A Columbus attorney is reminding us that Mississippi is an employment at will state.

“You can walk in the door one day and you know if the bossman or bosswoman doesn’t like what they are seeing they can terminate your employment. Now there may be some consequences on the other side of that,” said Bruce Johnson/CPI Group.

“Which means you could hire or not hire someone or terminate someone for a good reason, bad reason, or no reason. Unless its a reason prohibited by some other law,” said Taylor Smith/Veteran Attorney.

Like in the recent case where a federal law sided with a muslim woman wearing a religious headdress, seeking employment at retail giant Abercrombie & Fitch, was not hired.

“Whether its hiring, firing, failure to promote or demote.
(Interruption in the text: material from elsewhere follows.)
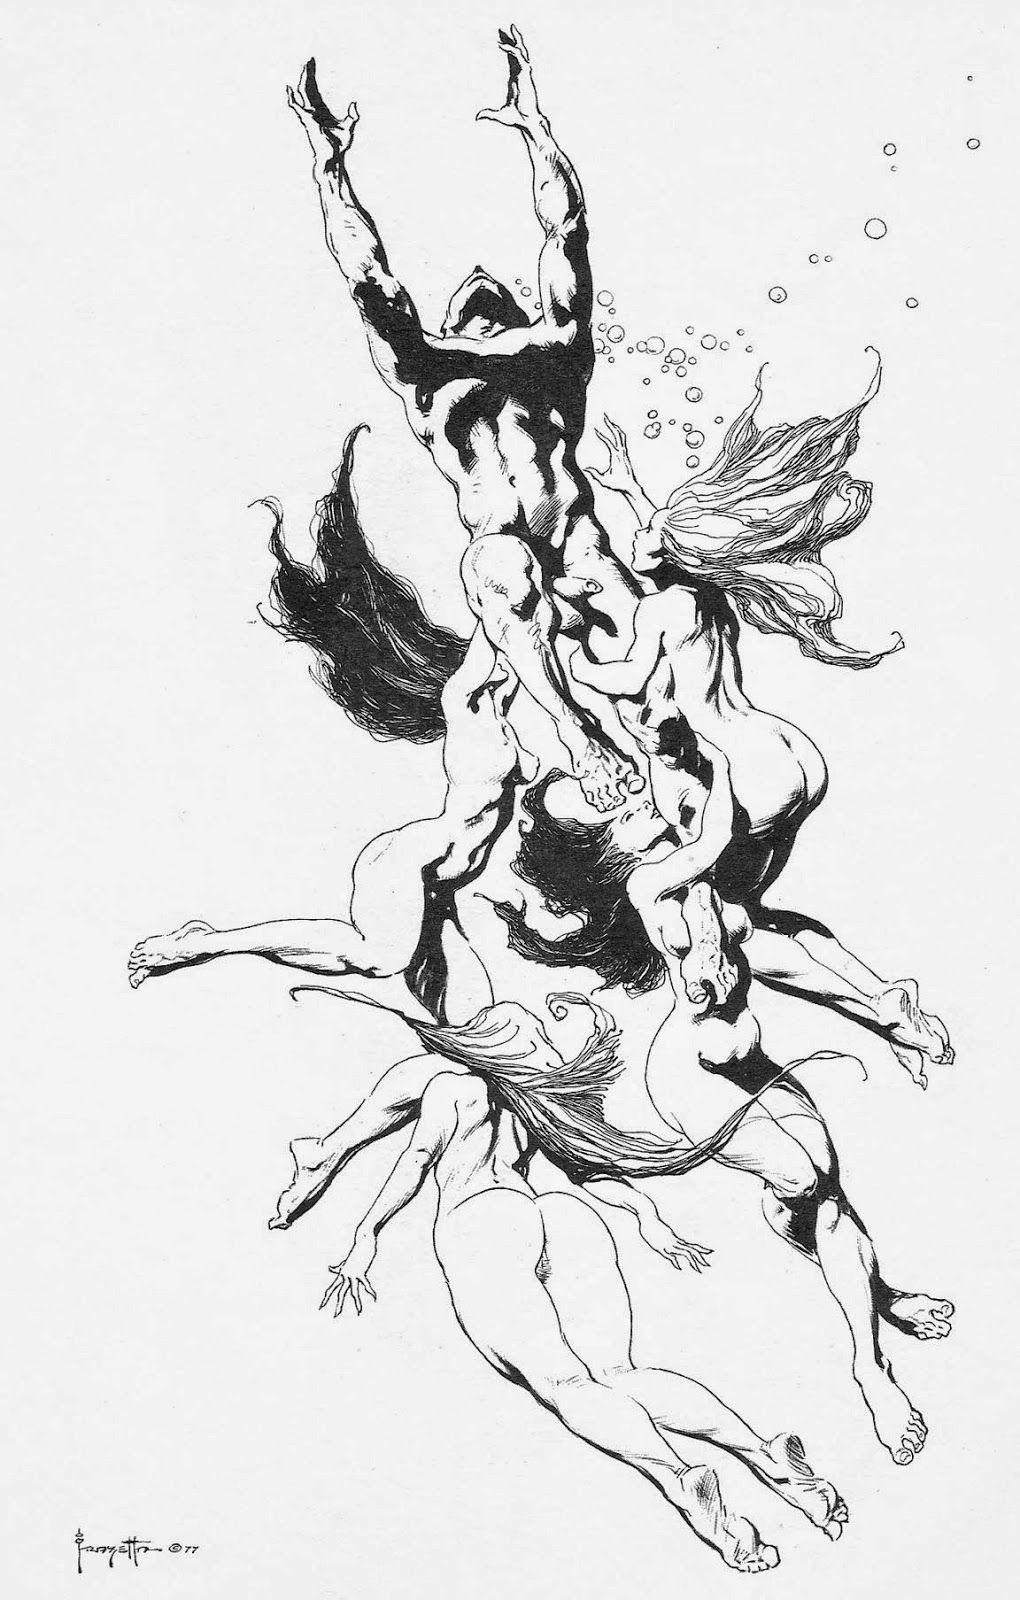 maidens+of+the+deep+1.jpg (1020×1600)   Frazetta   Pinterest   Frank ...

Any adverse employment decision thats because of someone’s race, sex, or religion as so far as Title 7 is concerned would be illegal,” said Taylor Smith.

Given the fact that federal law supercedes or trumps state law, the thin line of reasoning comes to bare in the case of the rights of the business owner and the worker seeking or retaining employment.

“It can’t put undo burden on either the business you are working for or the other coworkers in the establishment so they would have to communicate to the place they are applying prior to them coming on board,” said Bruce Johnson.

When referring to religious rights, keep in mind the term has become much broader than dealing with an employee that happens to be a Christian.

“Doesn’t matter what the color, ethnicity, religion, none of those things matter if they can go on line and go through our application process they become an applicant of the CPI Group,” said Bruce Johnson.

In an 8 to 1 decision the Supreme Court ruled in favor of the muslim job applicant sighting that the business did not make accommodations for her religion….even though she didn’t ask she was awarded $20 million dollars in damages.